▸ ASSIGNMENT
Print every line below exactly as written, but leave the pictures behind.

▸ MATERIAL PROVIDED
○ ○ ○ ○ ○ ○ ○
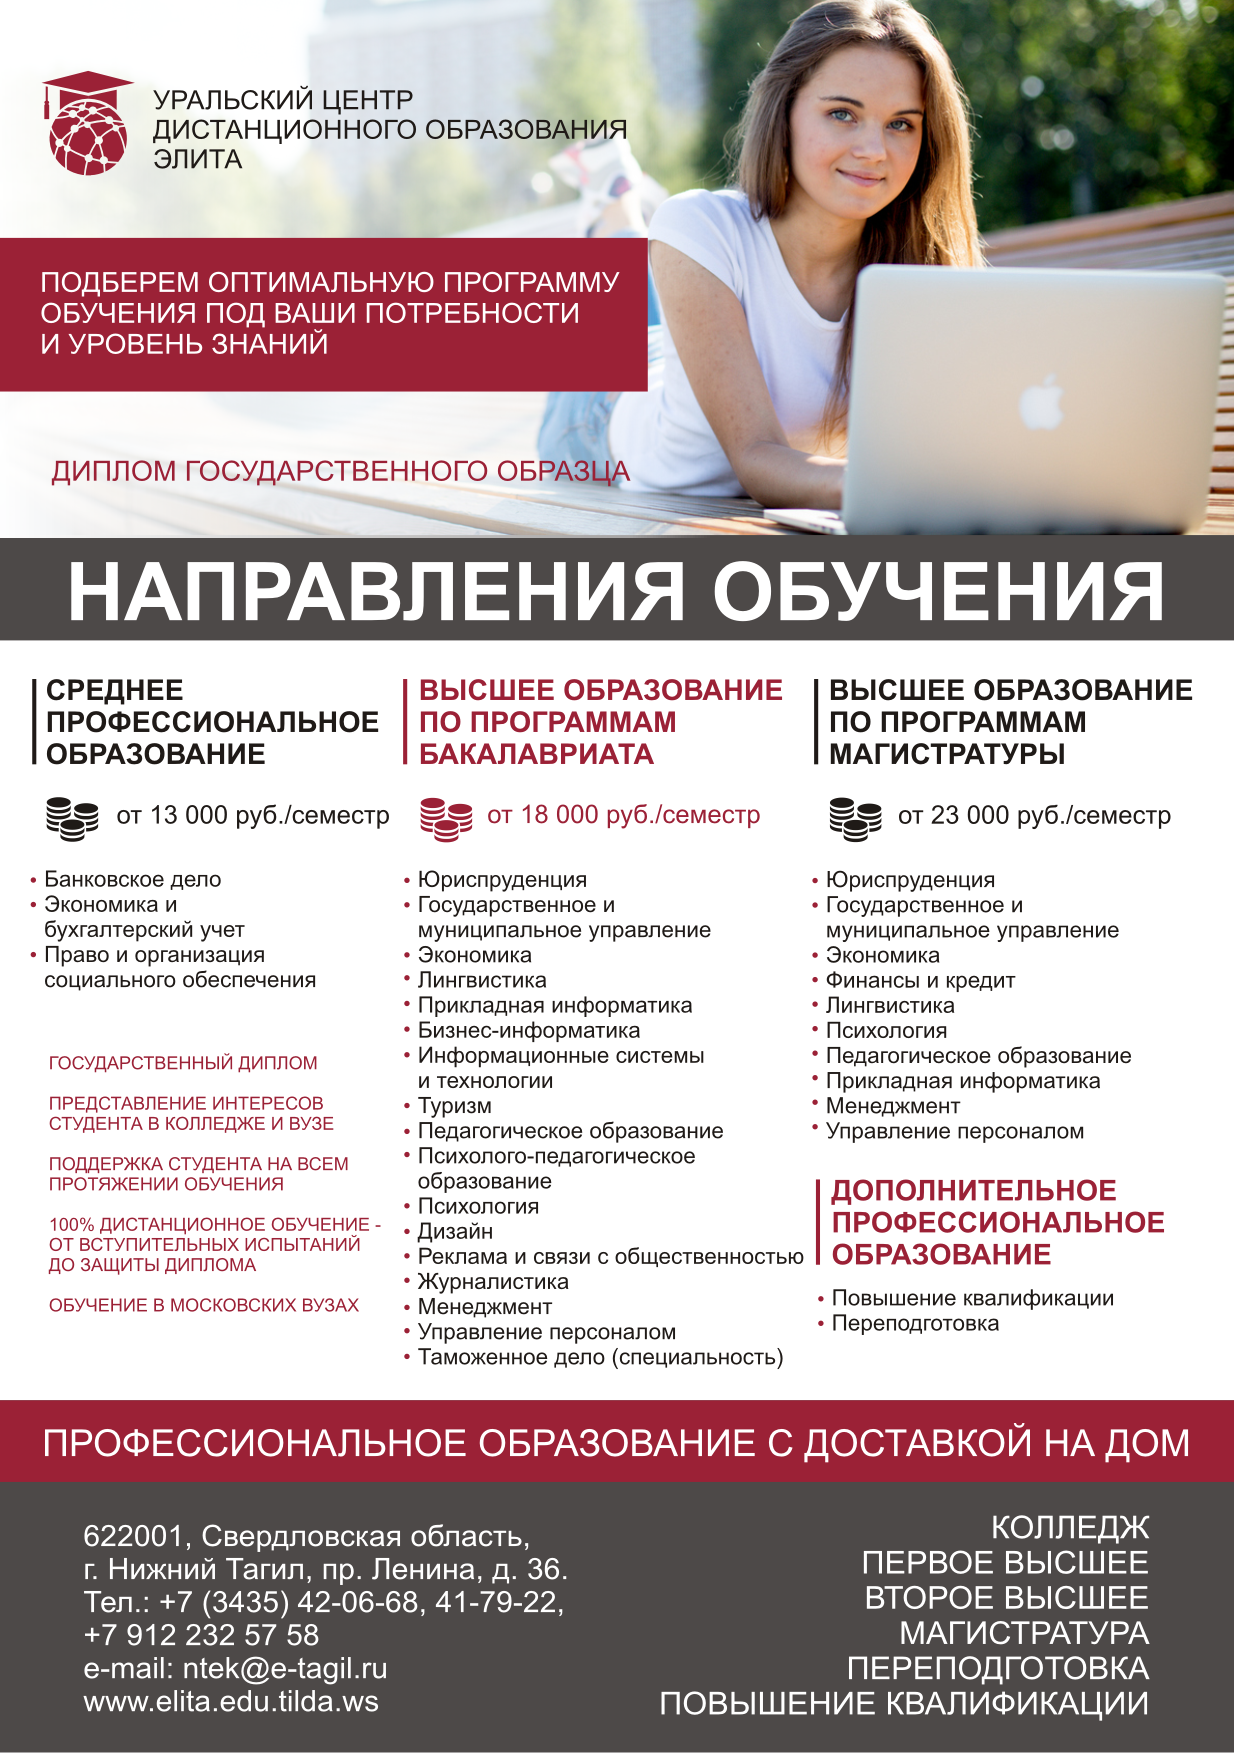 Сайт дистанционного обучения университета
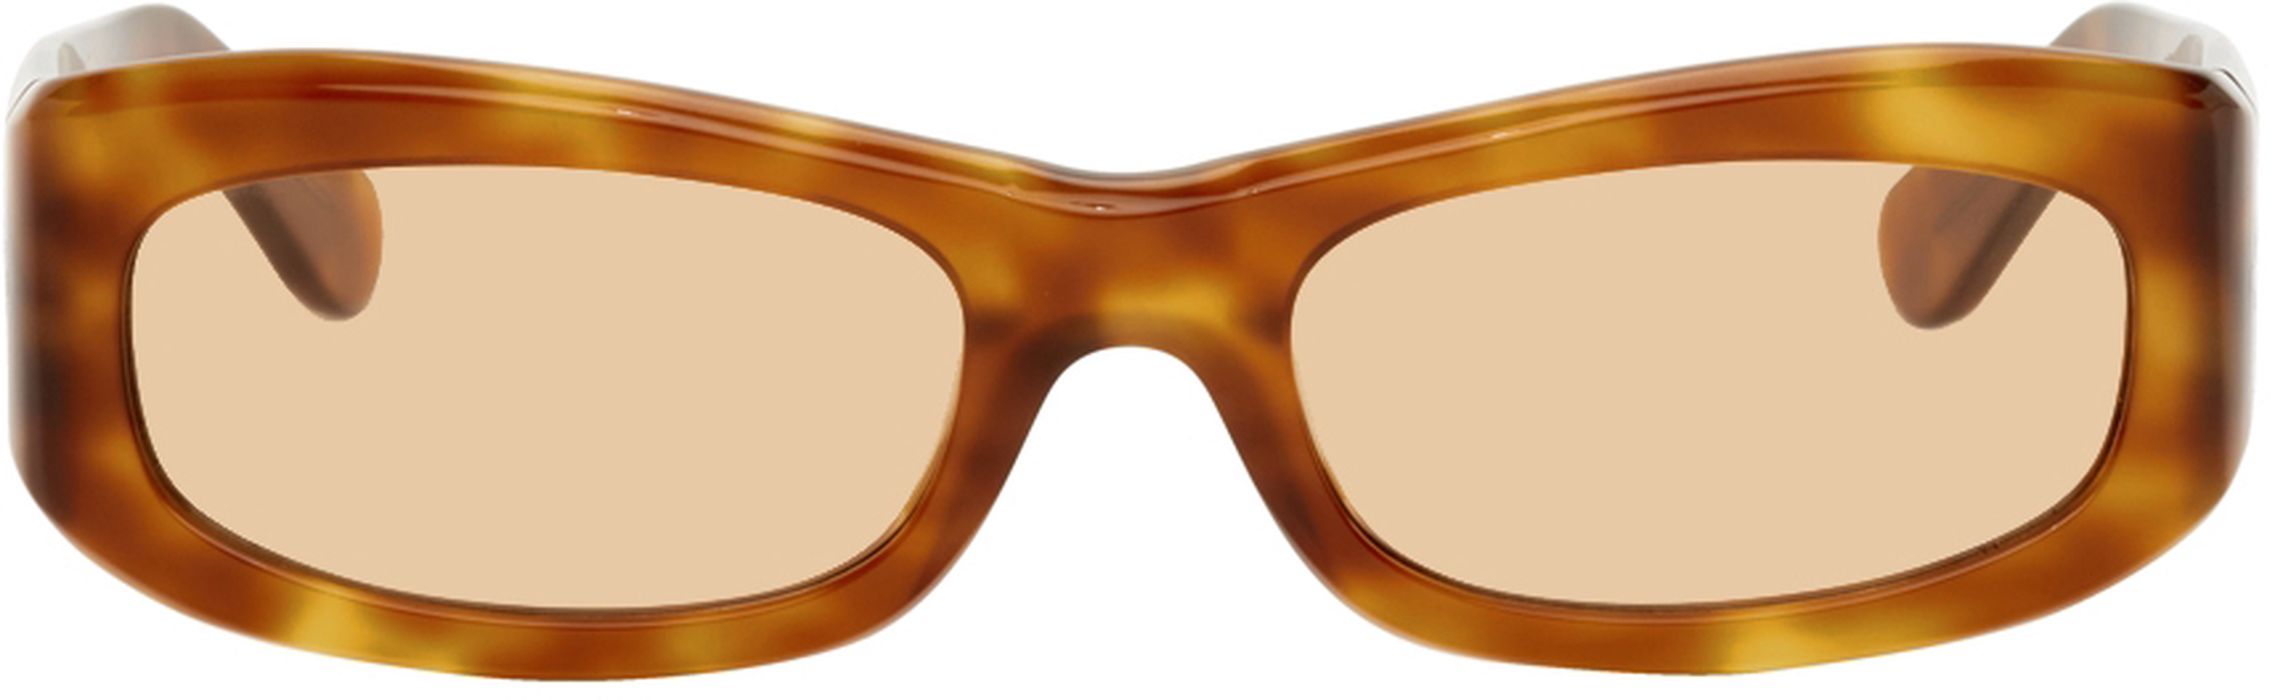 Port Tanger Tortoiseshell Saudade Sunglasses
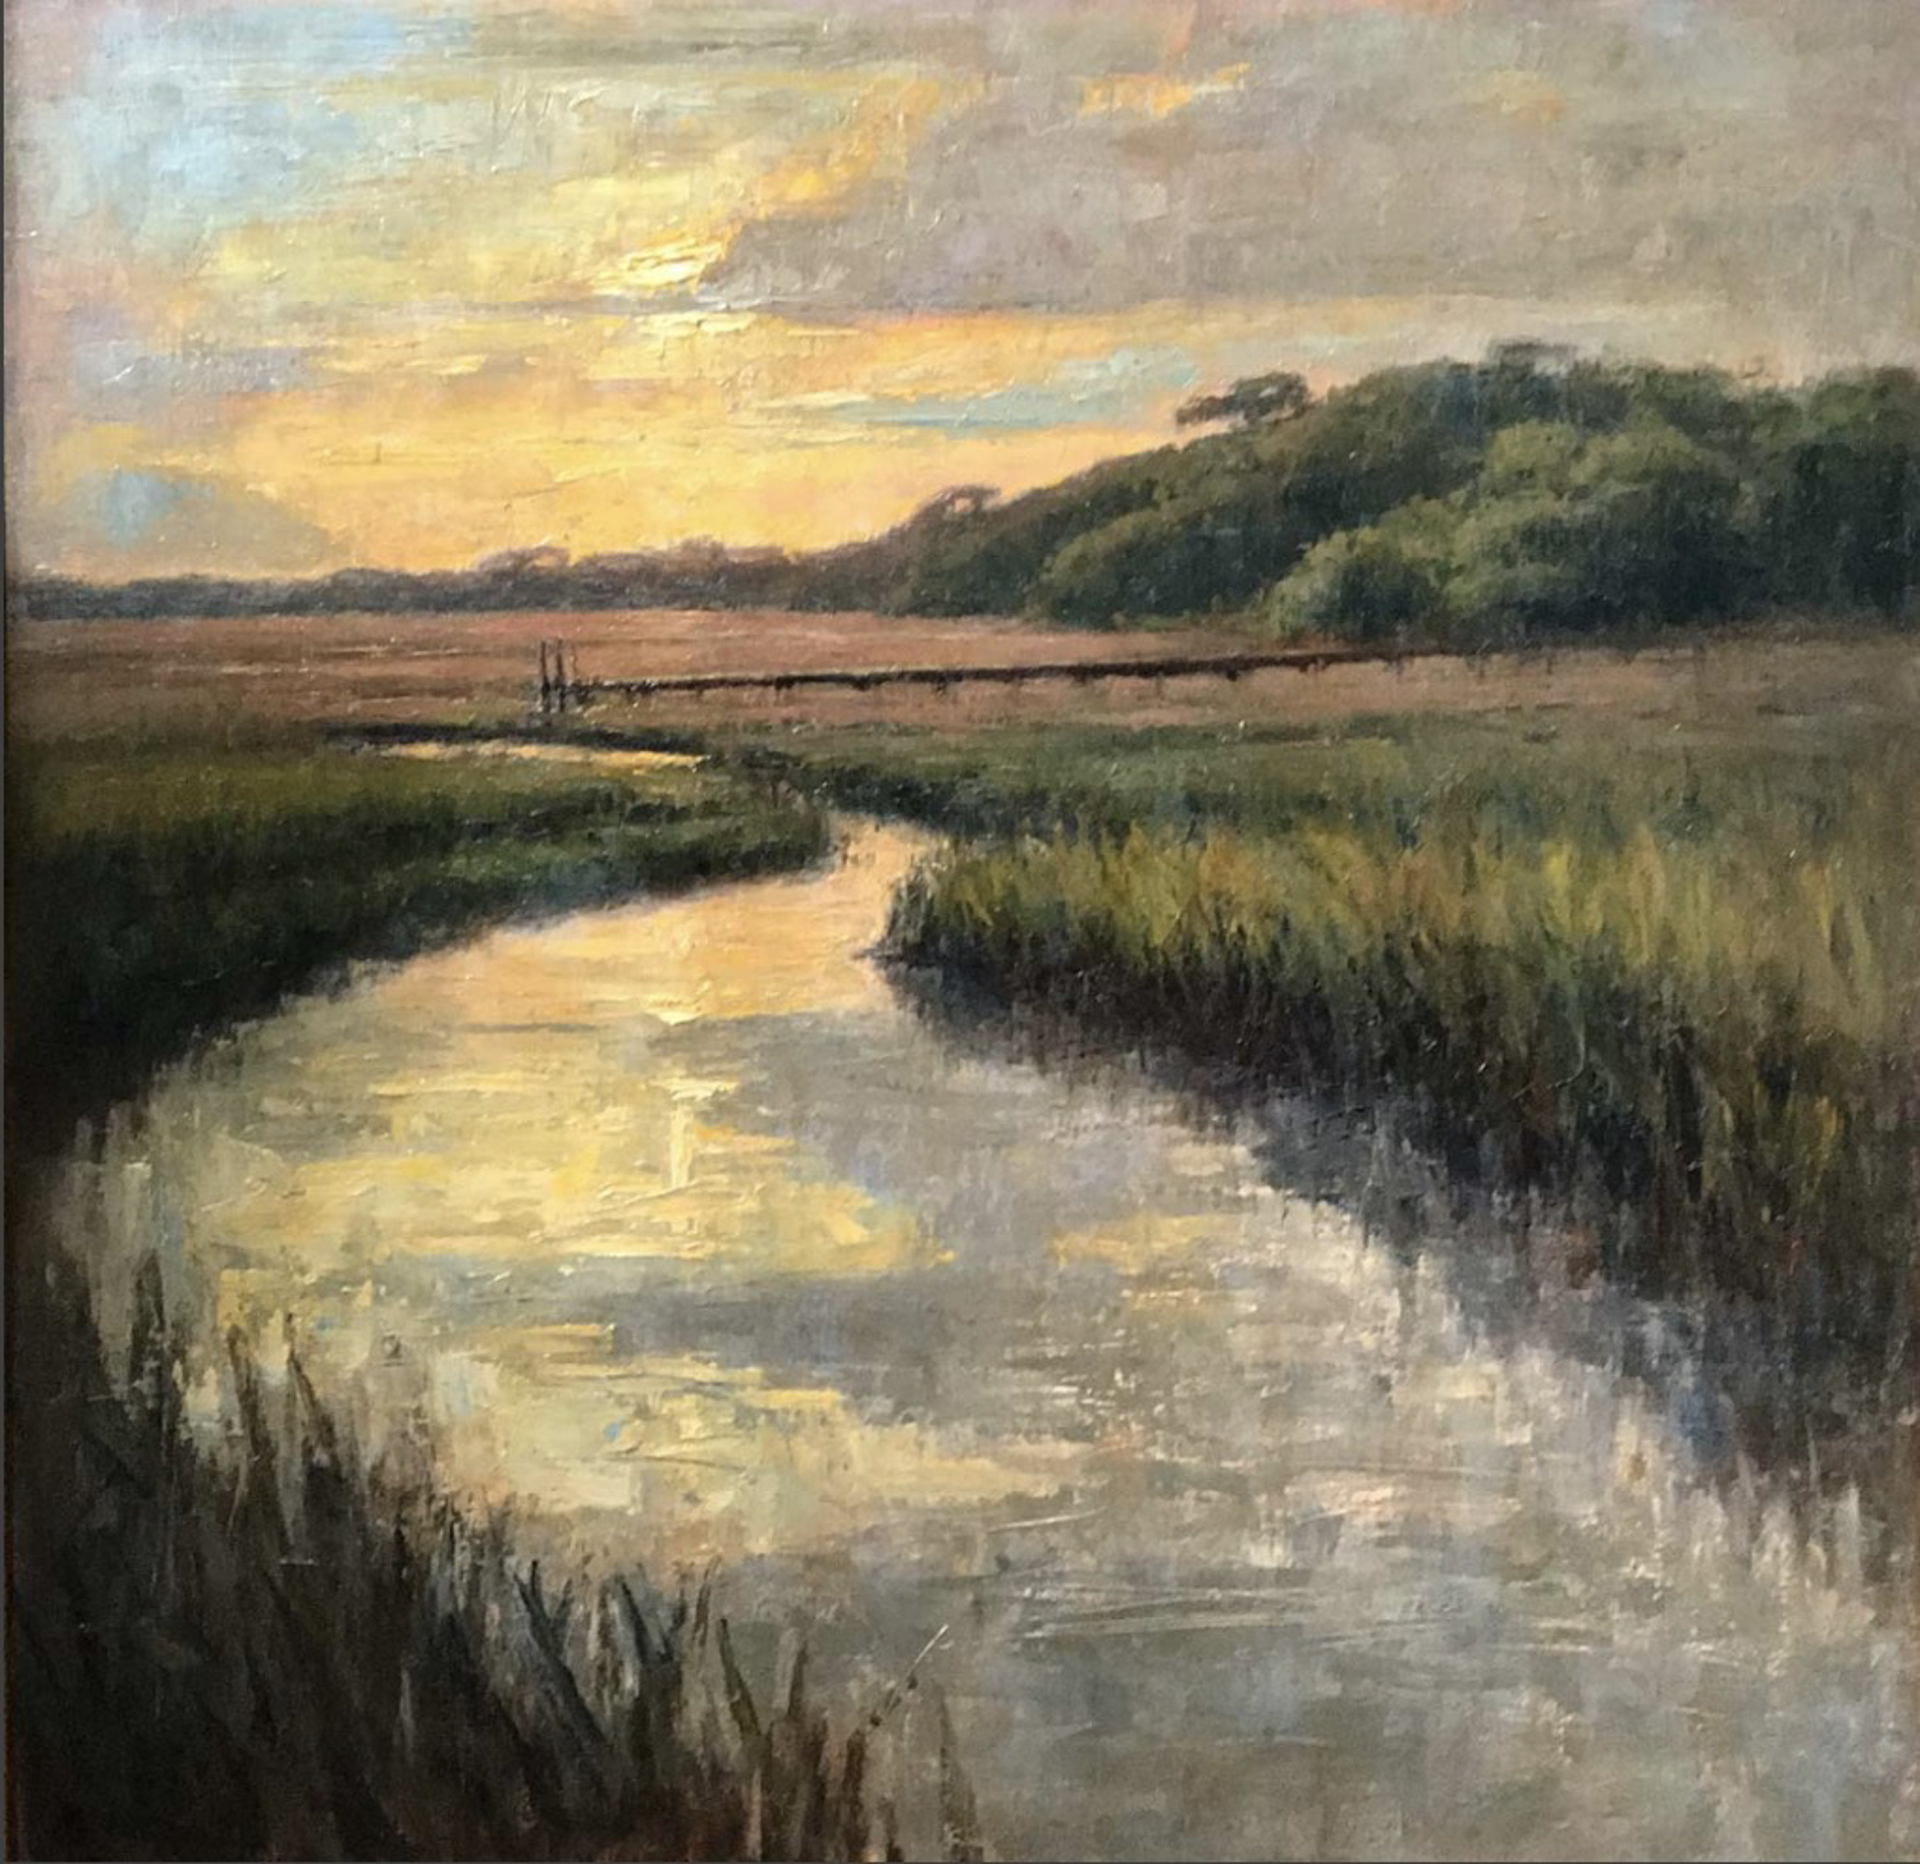 Marsh at Sunset by Brett Weaver
○ ○ ○ ○ ○ ○ ○
▸ ANSWER TO THE EXERCISE
 Сайт дистанционного обучения университета
 Port Tanger Tortoiseshell Saudade Sunglasses
 Marsh at Sunset by Brett Weaver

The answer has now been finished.